Goldman Sachs points out that while these prices are below previous model forecasts, they are far better than the deeply discounted “abyss prices” of $150-200 feared from IRA negotiations. This injects certainty into the market and sets a new benchmark for the future pricing strategies of the two giants.
"Price-for-Volume": Unlocking Tens of Millions of Government Patients, Market Size Expectations Unchanged
The real purpose of the price cut is to open new market doors. Previously, Goldman’s models assumed only a 50% probability of successful Medicare channel coverage. Now, this channel is fully unlocked. According to report data:
Novo Nordisk estimates the Medicare channel alone covers about 30 million obesity patients. Eli Lilly states the total potential patient pool for Medicare and Medicaid channels reaches 40 million.
Goldman Sachs believes that massive sales growth will significantly offset the effect of price decreases. Accordingly, the forecast for a global anti-obesity drug market TAM of about $95 billion by 2030 remains unchanged.
Additionally, the price cuts may bring two extra benefits: 1) improved patient compliance, since price is a key reason for stopping medication; 2) enhanced price stability, avoiding more dramatic future price wars.
Duopoly Dynamics Shifting: Eli Lilly's Edge, Novo Nordisk Under Pressure
Although the agreement consolidates Eli Lilly and Novo Nordisk's duopoly, making it harder for new entrants to challenge, the benefits from the deal are not equal between the two. Goldman Sachs is clearly bullish on Eli Lilly for the following reasons:
Market Share Advantages: Zepbound dominates in both reimbursement channels (60% vs. Wegovy’s 40%) and cash-pay channels (85% vs. Wegovy’s 15%), thus stands to gain more from volume growth.
More importantly, Eli Lilly has acquired a "priority review voucher," with its oral drug orforglipron expected to hit the market in Q1 2026, ahead of previous expectations for Q2 or Q3. Goldman estimates this could bring Eli Lilly at least $1 billion in incremental revenue in 2026.
For oral drug pricing, orforglipron’s starter dose is set at $149 per month, maintenance dose averages around $346, lower than Goldman’s previous forecast of $400. Analysts expect U.S. market share to stay at a favorable 60:40 in Lilly’s favor.
By contrast, Novo Nordisk faces much tougher challenges. Goldman Sachs states that in the press release, the company expects the new pricing to have a "low single-digit" impact on 2026 revenue, which is an extra pressure on top of already announced adverse factors.

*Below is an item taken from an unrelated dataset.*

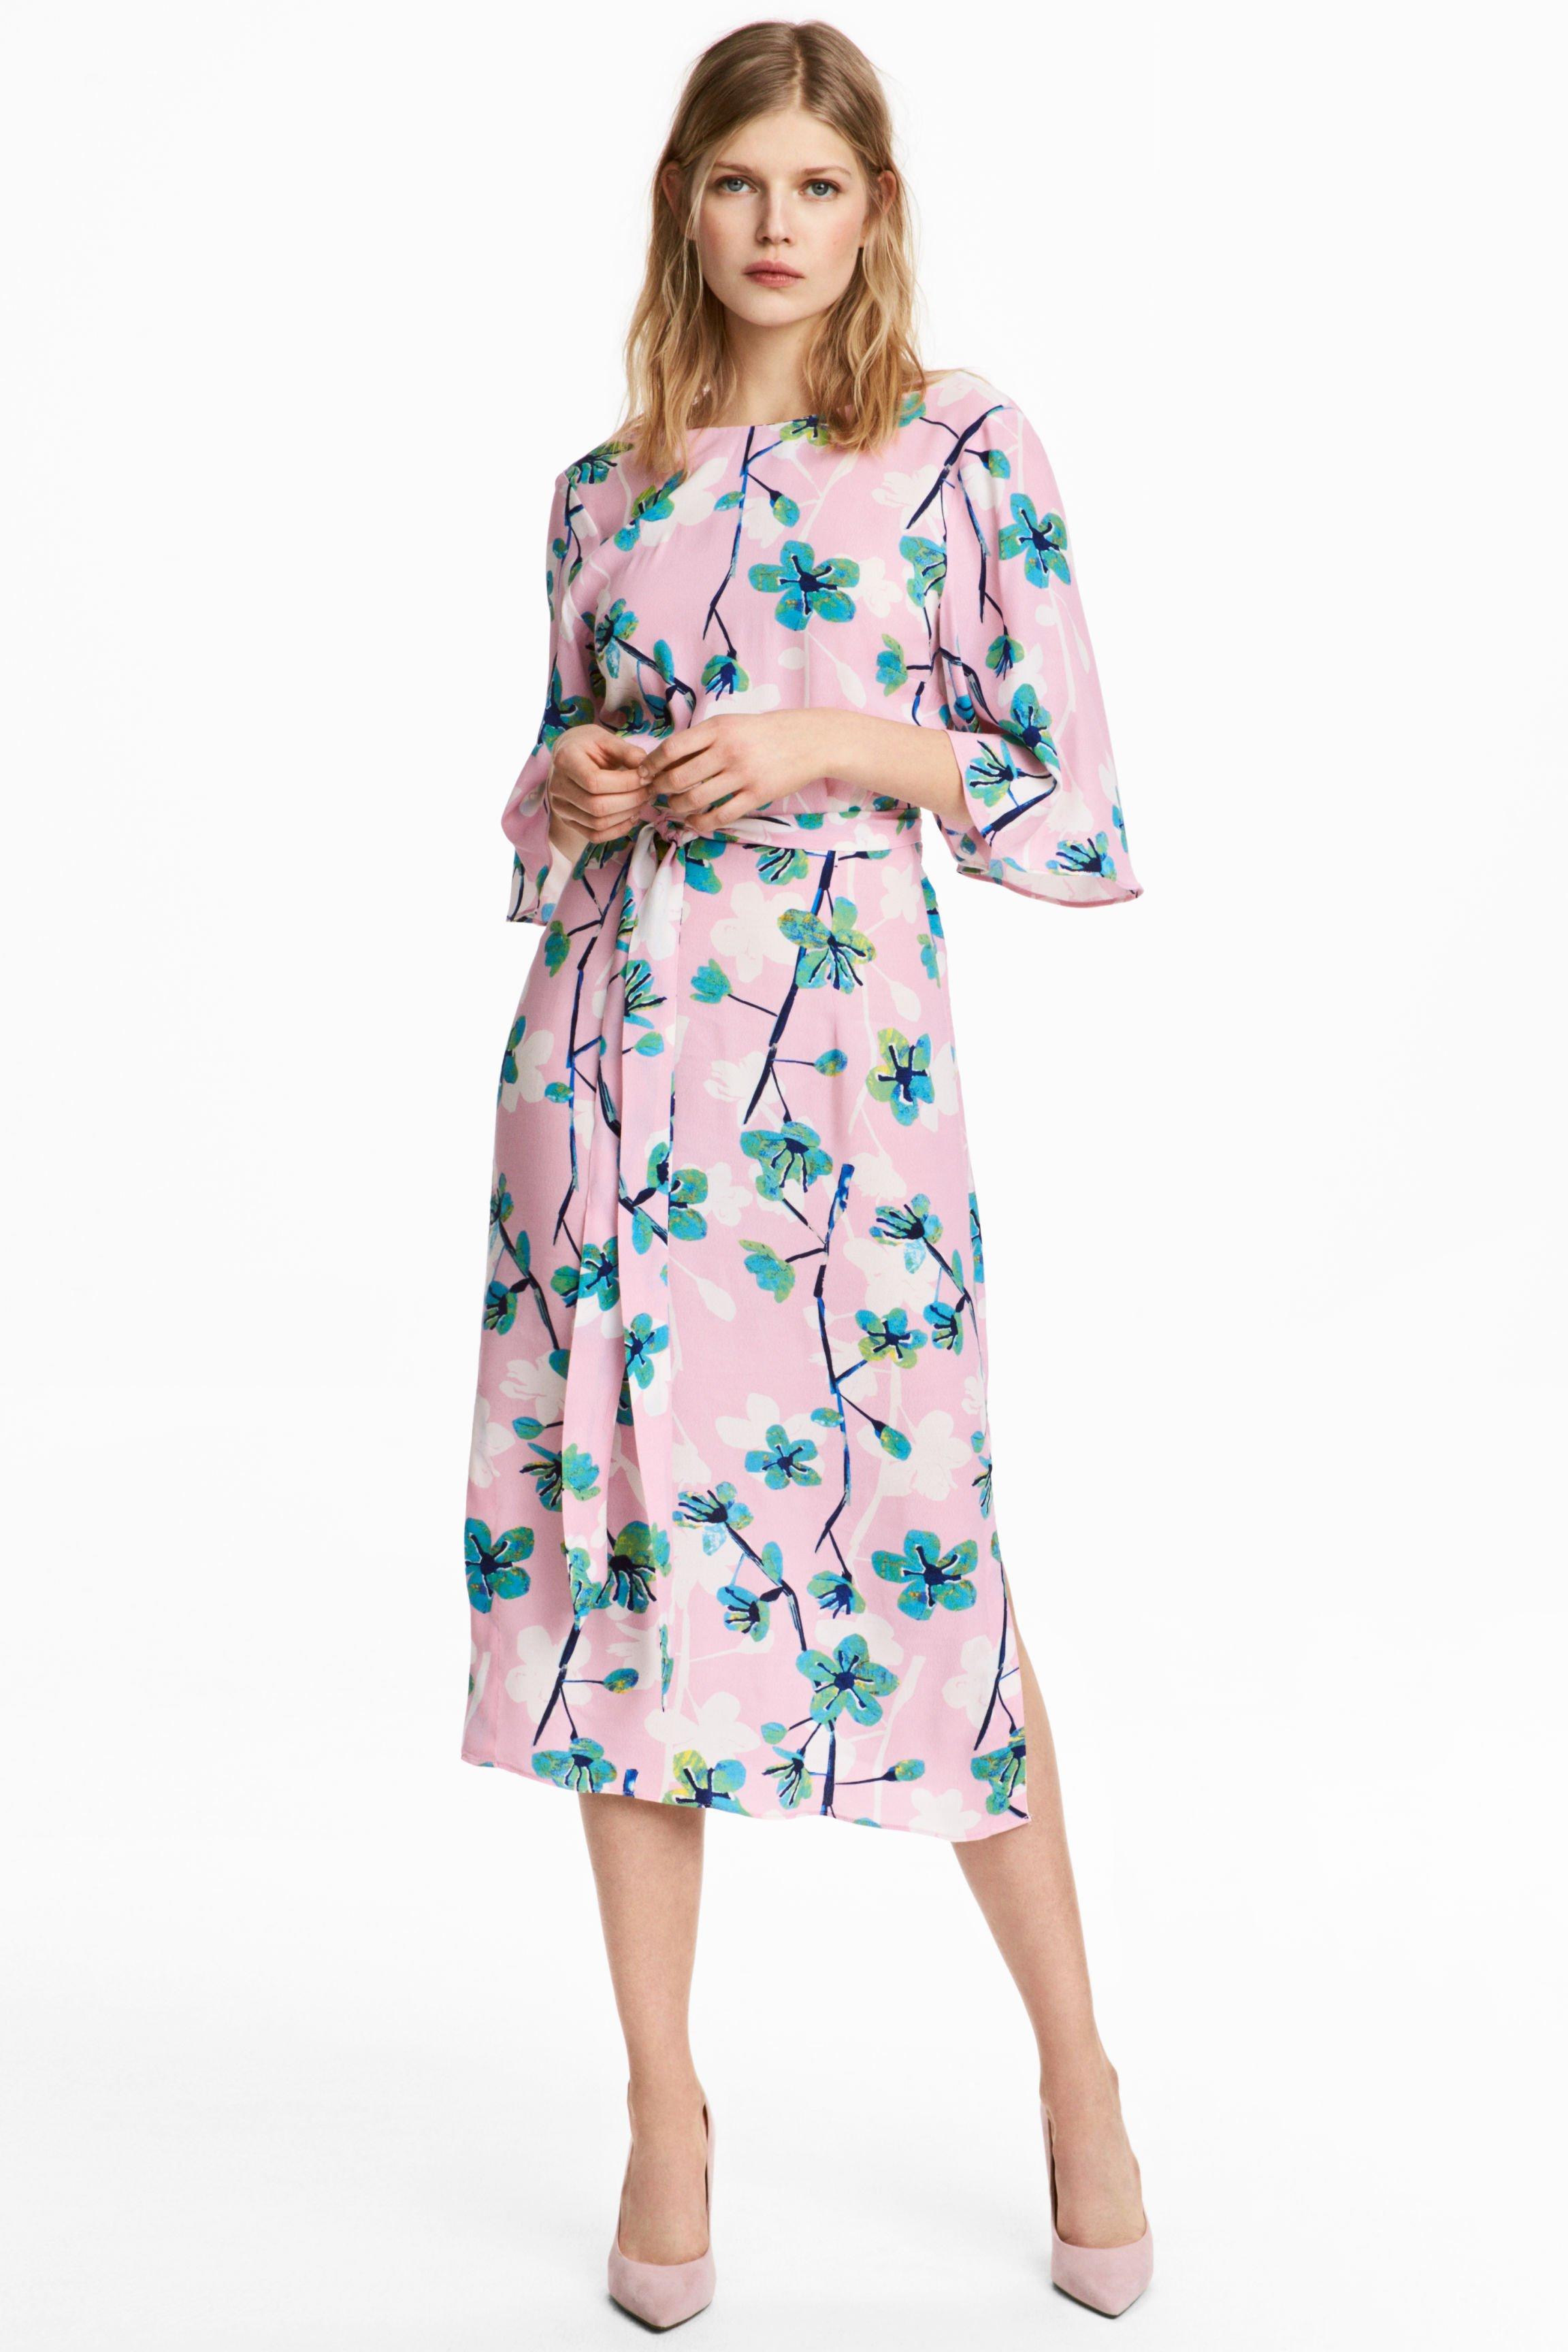 h amp m k floral printed light pink dress we select dresses

Goldman points out Novo Nordisk already faces multiple headwinds: a 2-point drag from 2025 GTN effects, low single-digit impact from semaglutide generics overseas, and the risk that some states may halt Medicaid coverage.

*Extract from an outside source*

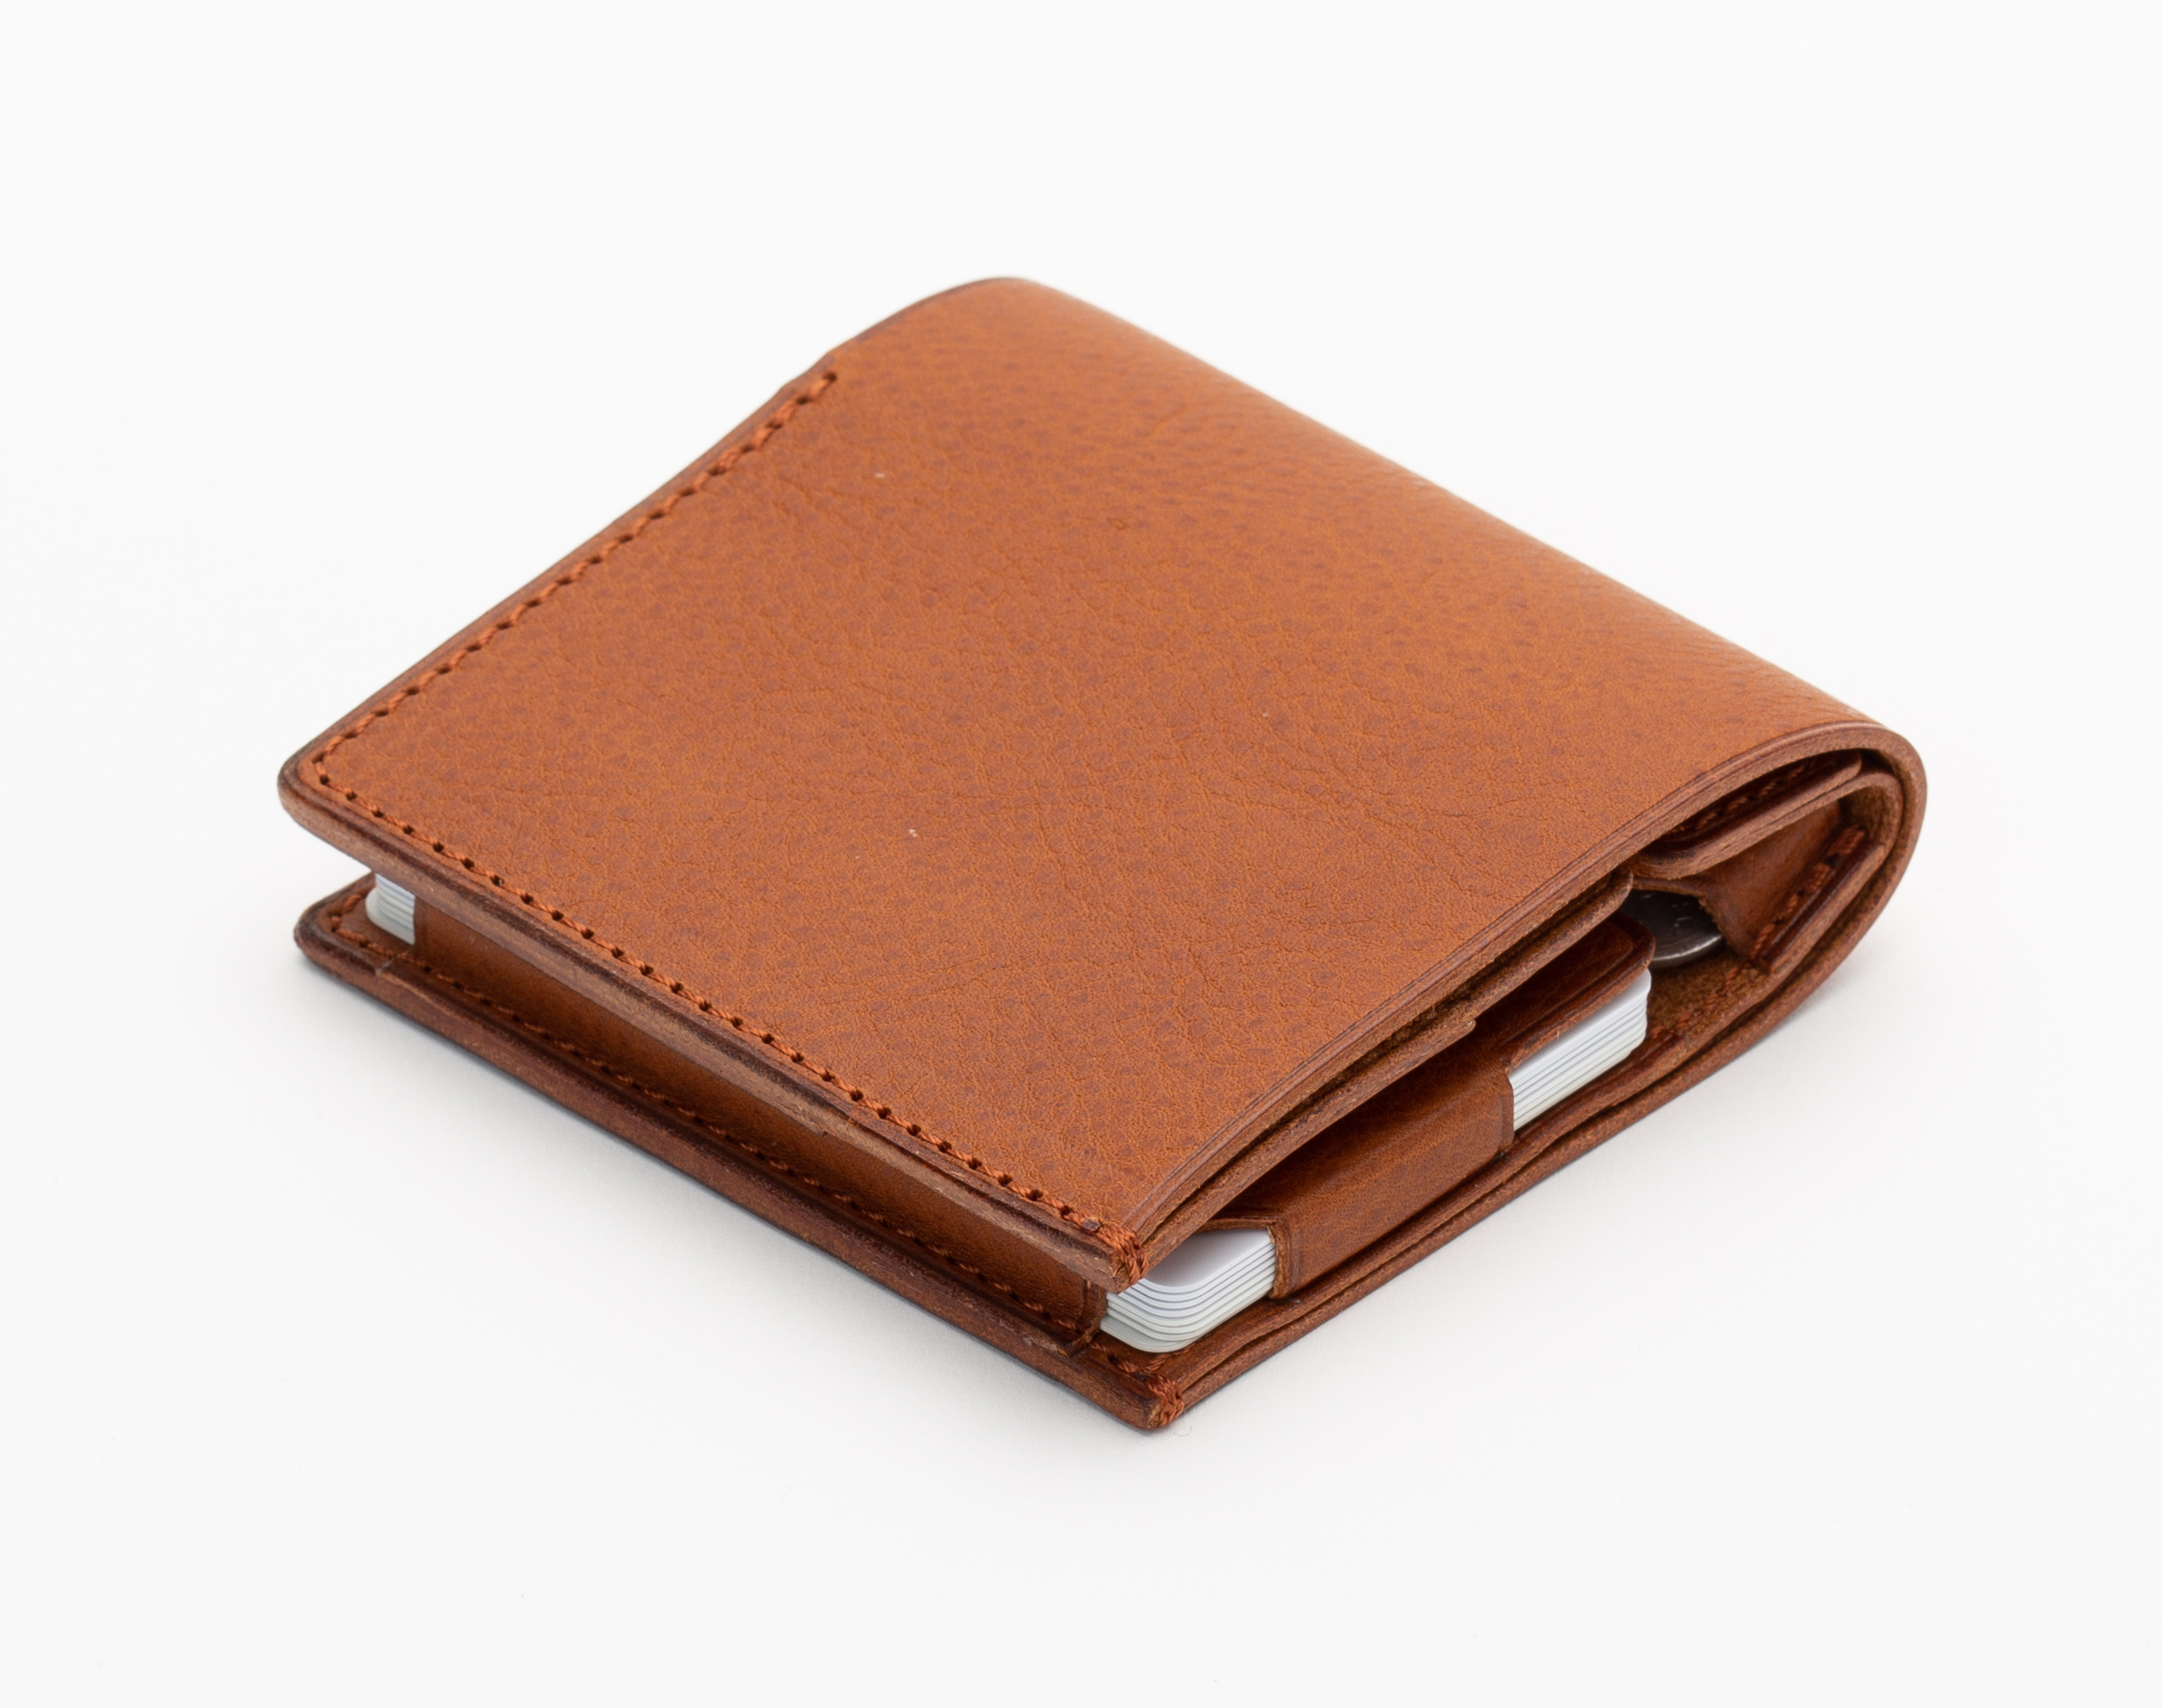 小さく薄い財布 rectum2 (旧rectus2)

Its analysts currently forecast Novo Nordisk's 2026 revenue growth at 4.4% (constant currency), but have not yet factored in the impact of this price reform. Worryingly, 2027 IRA price negotiations could bring additional pressure.
Goldman assumes IRA talks could discount semaglutide prices down to $200, representing a 43% reduction from the Medicare price of $350. Given that Eli Lilly is maintaining a fixed price of $245 throughout the agreement, this means semaglutide will face about an 18% price disadvantage compared to tirzepatide.